We caught 10 tog. Three of them were keepers at 14.5”, 15” and 18”. 

I am not an expert but I put quite an effort to make this video for future tog fishermen.

Here are fishing log/report/tips







Thanks,
Joe


----------



## robchoi (Aug 27, 2008)

Great job Joe. You did better than Billy and I.


----------



## whiteka6 (Oct 11, 2010)

10? Wow! Good job. I'm lucky if I catch one tog.


----------



## ComeOnFish (Apr 8, 2009)

whiteka6 said:


> 10? Wow! Good job. I'm lucky if I catch one tog.


If redfish had a sharp hook at the first place, he probably had caught 2-3 18". I didn't know he had Mustad hooks. The most of Mustad hooks are garbage. Gamakatsu hooks are cheaper than Owner at Basspro in Hampton


----------



## Aaron T (May 9, 2000)

that was a great video report. Congratulations on the great day


----------



## fishin757 (Nov 29, 2010)

since rods are important; what do you suggest/use?


----------



## redfish12 (Aug 7, 2010)

Haha I don't know about that! I missed a lot of fish when we first got there that were probably larger fish. Sharp hooks were essential, not sure what I was thinking buying the blackfish pre snelled hooks. 

I let ComeOnFish borrow my bass pro graphite series Muskie rod. It's rated for 15-30 lbs and fast action. It was more sensitive than the rod I was using. I was using a teramar extra heavy and I was able to feel the bites but it was definitely more of a broomstick. I thought we were going to be fishing 4 oz and up so I brought a stout rod. It was definitely a learning experience. I would say any fast action rod that can comfortably lift 3-6 oz would work well. Kayak Kevin gave us the tip that cork grip Muskie rods worked well, fortunately we brought one!


----------



## huntingwood (Jun 13, 2009)

Hey Michael,

This is Chris, funny running into you out there on Saturday - small world.

My buddy and I ended up catching 8 all on fiddler crabs, but only 3 were keepers. Using 2/0 Owners.

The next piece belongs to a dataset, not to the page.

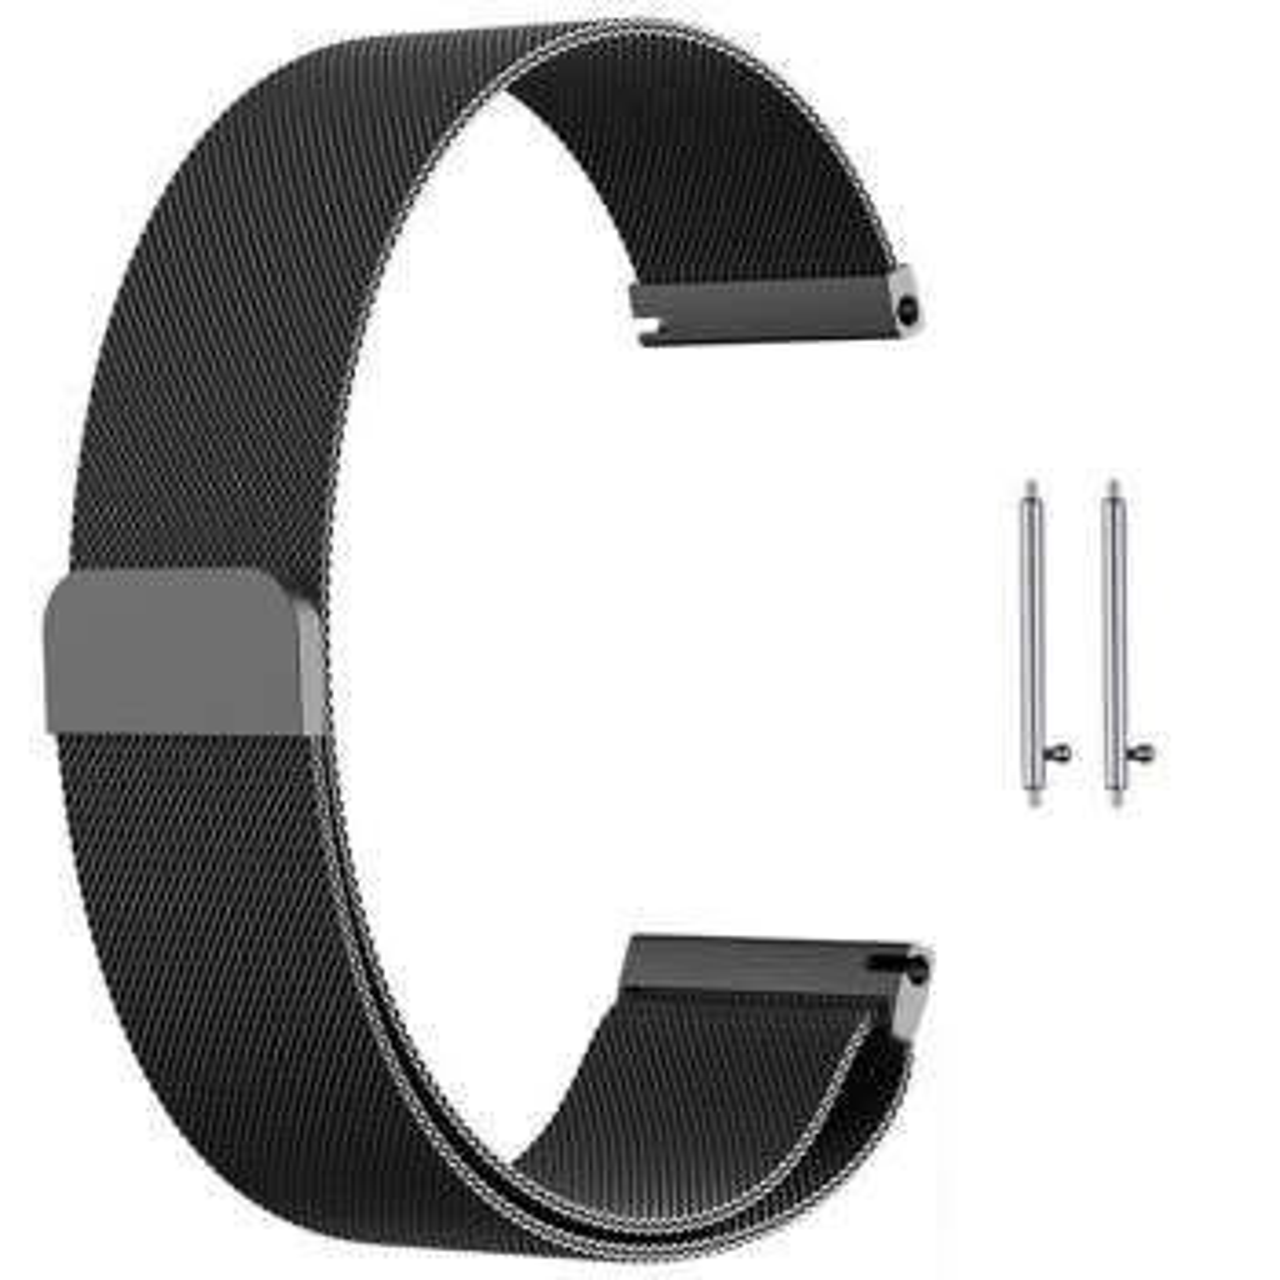 بند مدل Milanese Loop مناسب برای ساعت هوشمند سامسونگ Gear S2 Classic / Gear Sport |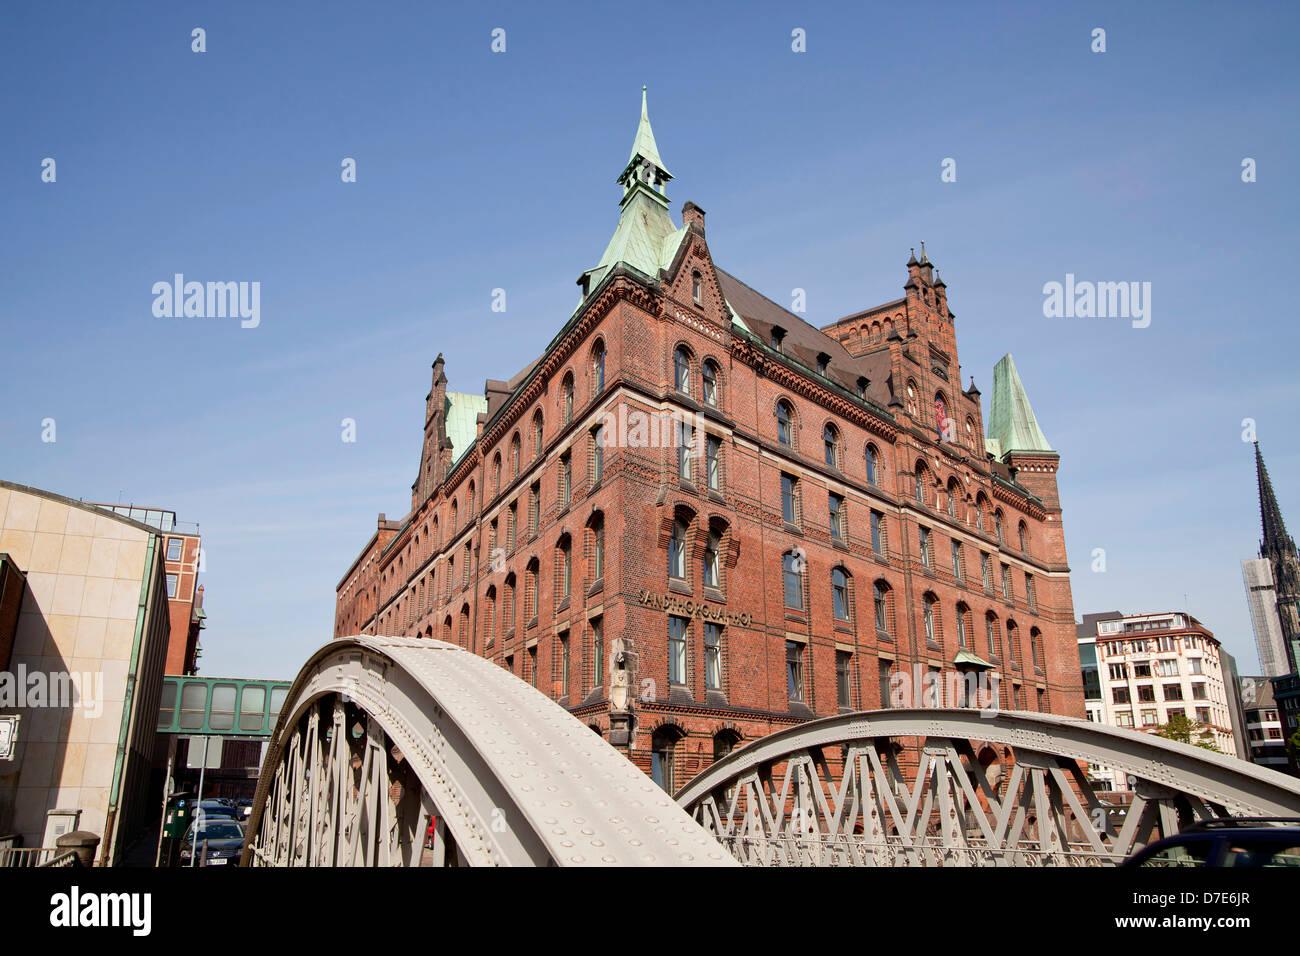 bridge and the Sandthorquaihof in the Speicherstadt district, Free and Hanseatic City of Hamburg, Germany, Europe Stock Photo

Let me know if you ever need a place to launch in Chic's.


----------



## fishinvb (Mar 27, 2011)

good job I fished the ships on monday the 11 and did good for my first tog trip even tho i couldnt get in the ships due to the wind blowing out of the south west 15-20 mph. landed 9 3 keepers with the biggest at 22in with a girth of 15.75... all were cought on fiddlers


----------



## O Shin Rin (Aug 31, 2009)

nice work Joe , with bait like that you'll always have a meal LOL


----------



## robchoi (Aug 27, 2008)

fishinvb said:


> the biggest at 22in with a girth of 15.75...


That's a nice fish!


----------



## abass105 (Jun 13, 2006)

Nice video. Thanks for sharing.


----------



## c0ch3s3 (Jul 10, 2009)

nice report, thanks! congrats on the tog guys!


----------



## fishin757 (Nov 29, 2010)

so would a penn slammer work? it feels like its a heavy action and its 6'6". is that okay or is it too heavy?


----------



## fishinvb (Mar 27, 2011)

http://www.facebook.com/album.php?aid=39417&id=100000945413452&saved#!/photo.php?fbid=194325117275667&set=a.194325090609003.39417.100000945413452&type=1&theater

heres a pic of bigin. sorry the pic kinda sucks


----------



## ComeOnFish (Apr 8, 2009)

fishin757 said:


> so would a penn slammer work? it feels like its a heavy action and its 6'6". is that okay or is it too heavy?


I have 4 Penn Slammer with Penn 330GTI. Penn Slammer will work with braided line. Just need two hands to set the hook.


----------



## redfish12 (Aug 7, 2010)

Chris,

Good running into you too! Small world for sure. I would like to spend more time in that area this year so I'll let you know next time I head down. Sounds like you guys did pretty well, I'm very envious that's your backyard!


----------